A sprawling art installation is to light up the night sky in the desert surrounding Ayers Rock in Australia. The British artist Bruce Munro will unveil his Field of Light on 1 April around 10km from the monumental sandstone monolith, which is sacred to Aboriginal people and known by them as Uluru.
Field of Light, which will remain in situ for a year, consists of 50,000 stems, each topped with a frosted bulb; these are connected to projectors powered by solar panels via fibre-optic cables. The lights, which are in the muted purples, reds, and oranges of the desert landscape, will cover 49,000 sq. m–the equivalent of four English football pitches.
The installation has been 24 years in the making.

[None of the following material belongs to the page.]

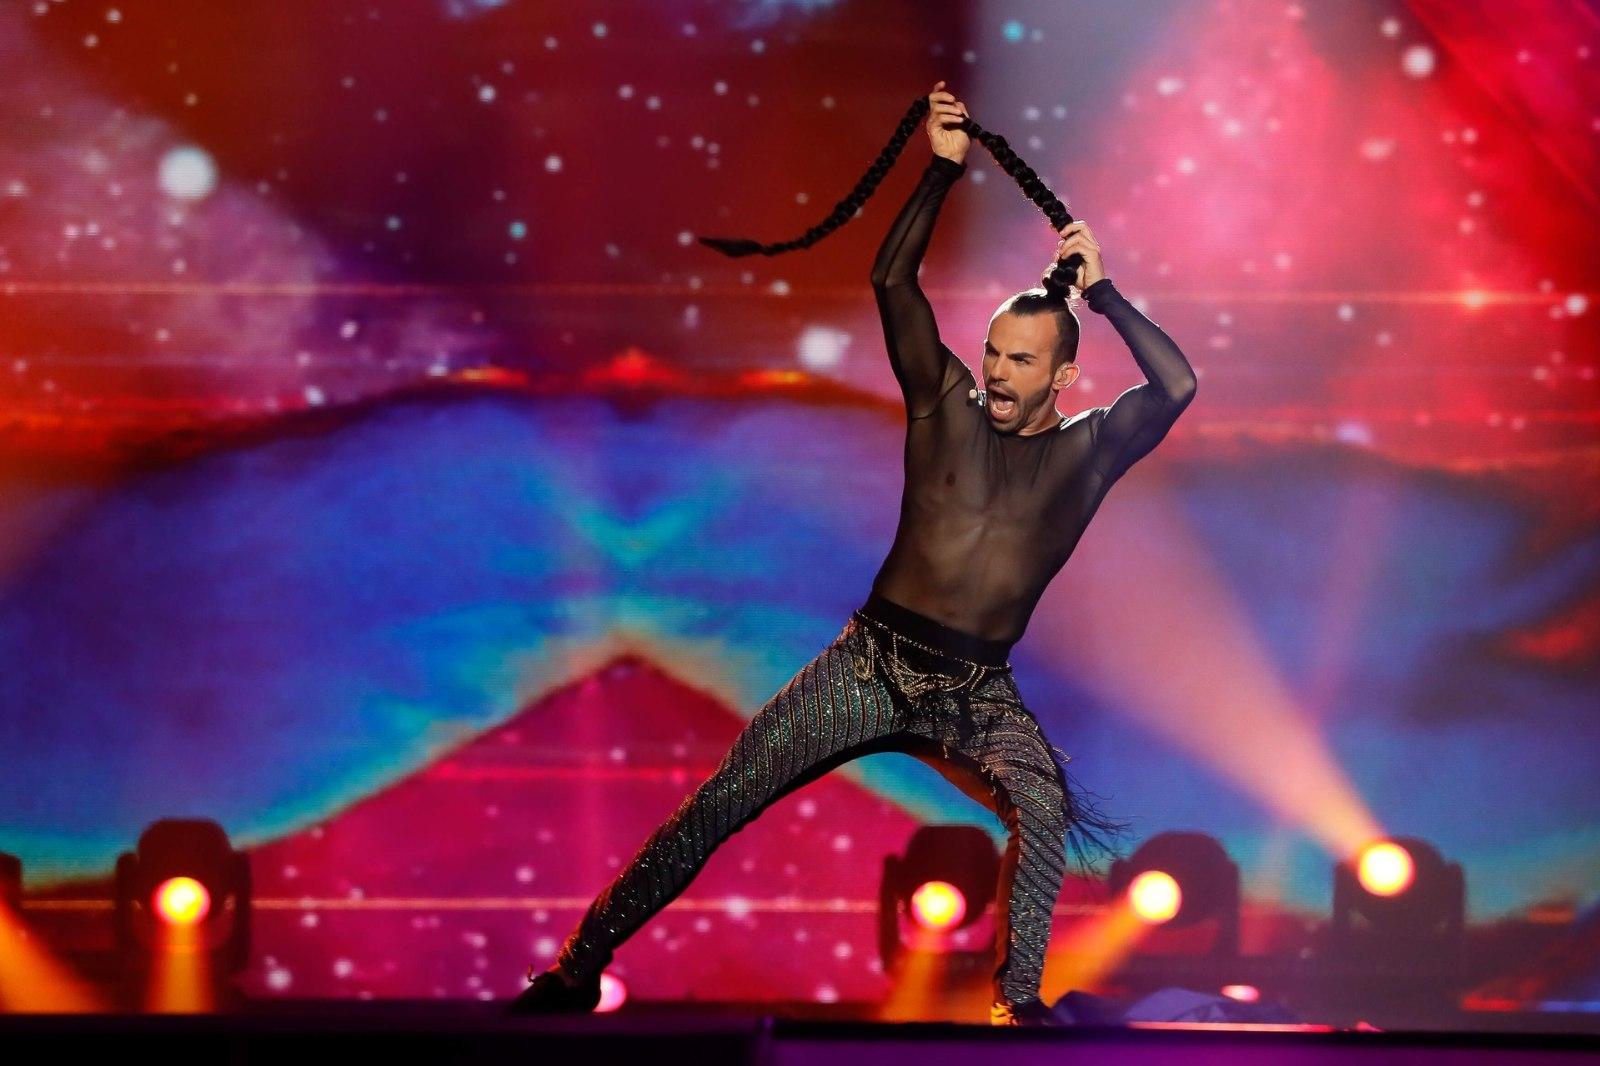 3d2a1d2b0c4 Montenegro eurolaulik kiidab Daniel Levi näosaate paroodiat | Õhtuleht

Munro was first inspired to create a work at Uluru in 1992 when camping there with his then fiancée, now wife, Serena. “There was a charge in the air that gave me a very immediate feeling which I didn’t fully understand. It was a moment when I felt at one with the world, a feeling which made me intensely happy.”

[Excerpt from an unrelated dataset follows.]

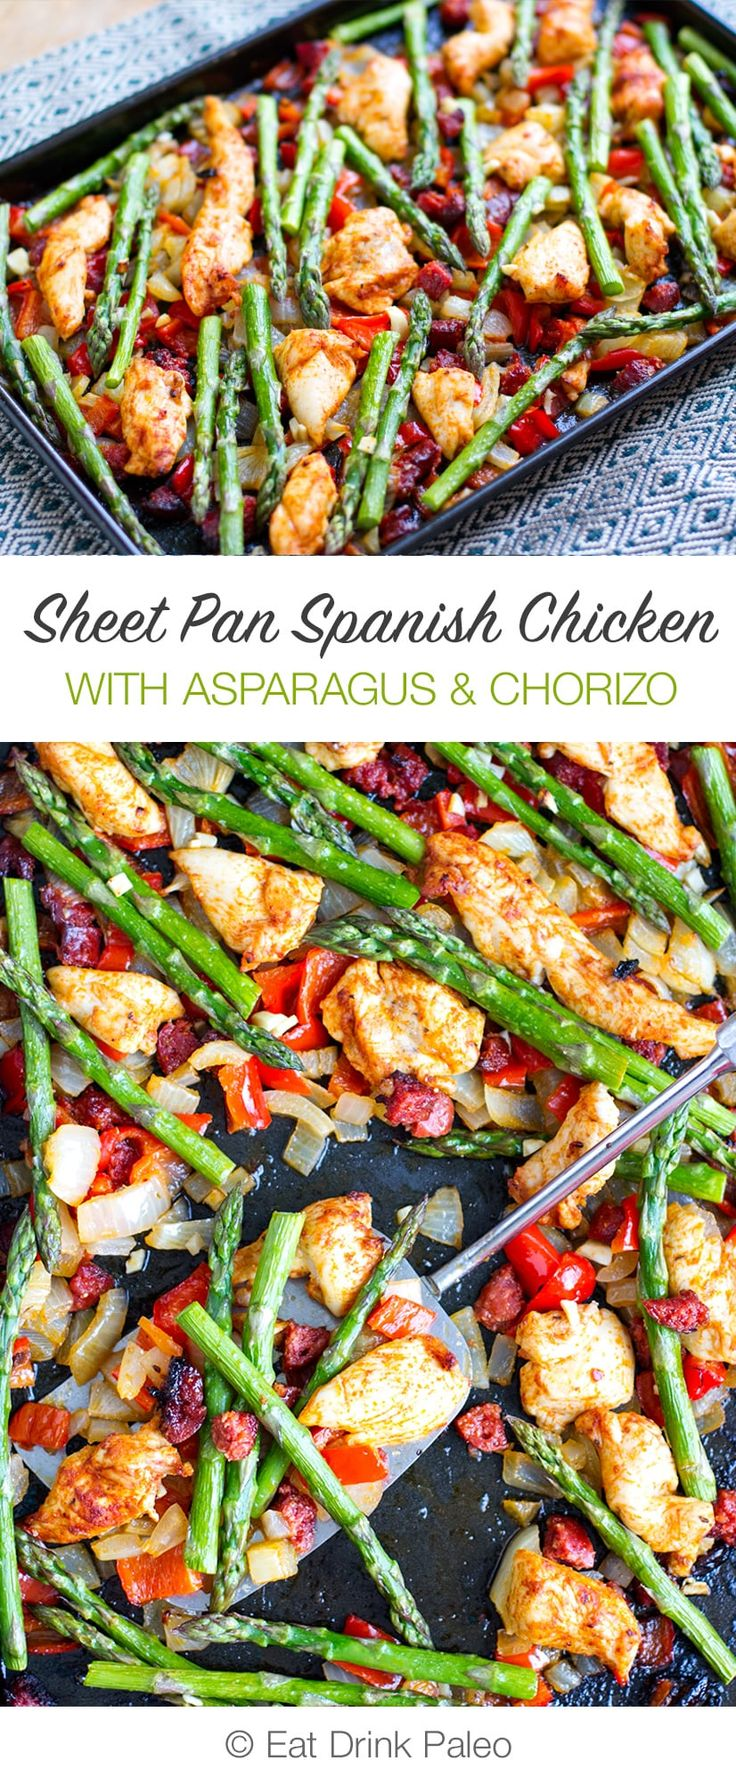 Sheet Pan Roasted Asparagus and Chicken With Chorizo | http://eatdrinkpaleo.com.au/sheet-pan-roasted-asparagus-chicken-with-chorizo/

For the next two decades, Munro experimented with materials and forms in his quest to recapture the sensations from his Australian camping trip, installing an early version of Field of Light in the backyard of his country home in Wiltshire. “I became obsessed with it, like Richard Dreyfuss in Close Encounters of the Third Kind, who makes a mountain he’s never seen out of a pile of mashed potatoes without understanding why he’s doing it. I didn’t know why I was doing it either.” The public responded to Munro’s lights immediately and over the years he has gone on to show versions of his field in numerous locations including the V&A in London, Waddesdon Manor in Buckinghamshire, and several botanical gardens in the US.

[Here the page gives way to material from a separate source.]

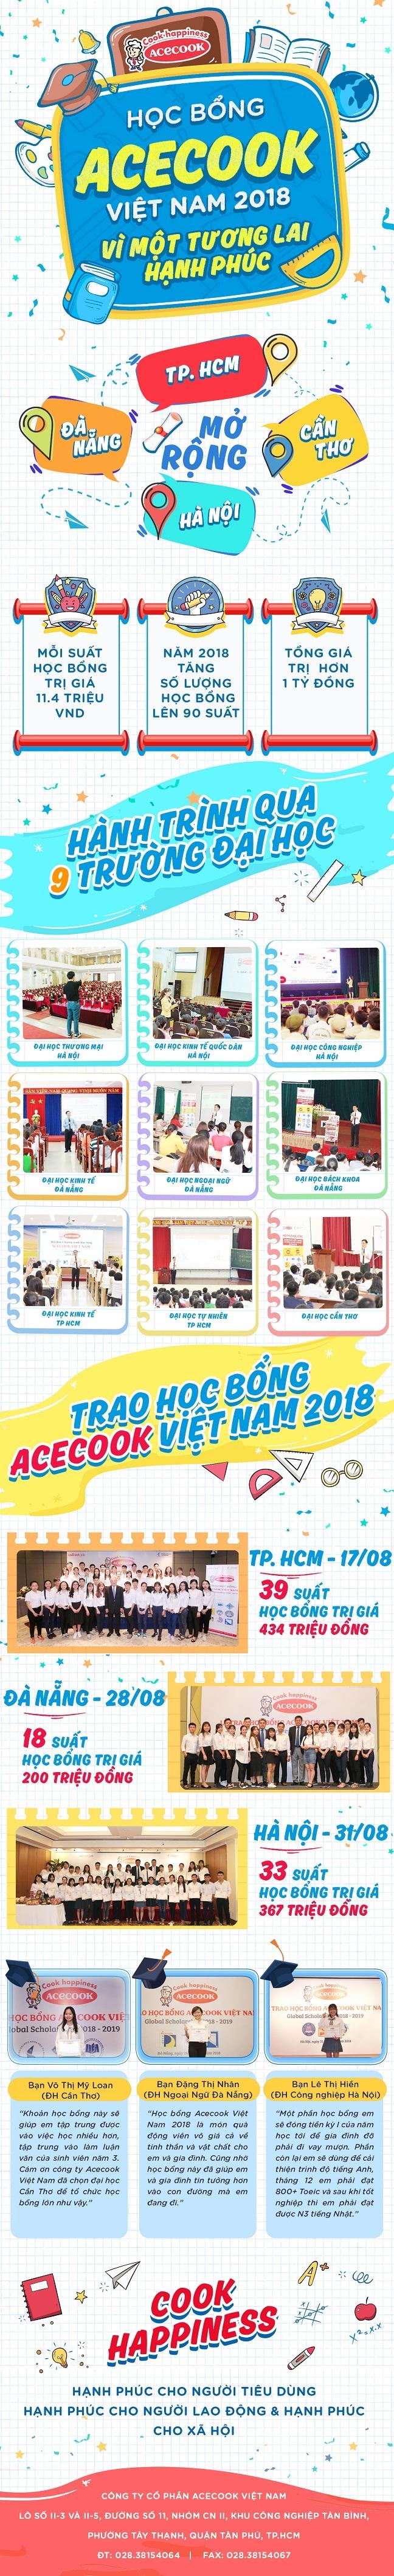 Acecook Viet Nam va hanh trinh dong hanh cung sinh vien Viet Nam

During one of these displays, Munro was interviewed by a journalist from a radio station in Alice Springs, the nearest town to Uluru; he explained that the Australian landmark was the original inspiration for Field of Light. Ray Stone of the company Voyages, Indigenous Tourism Australia, which owns and operates Ayers Rock Resort, heard the broadcast. “I got a phone call from him,” recalls Munro, “and he said, ‘I think you should come and install Field of Light at Uluru.’ I couldn’t believe it; this has been my dream for the last 20 years.” The costs of realising the installation were almost prohibitive, but the Australian airline Qantas stepped in to help. “They’re shipping over all the components of the field from Wiltshire to the Northern Territory, as well as me and my team.”
Munro is taking his wife Serena back to Uluru for the opening, along with their four children. “I’m just trying to recapture that feeling you get when you’re connected to the landscape, that feeling that makes you want to jump for joy,” he says. “I hope every visitor feels it too.”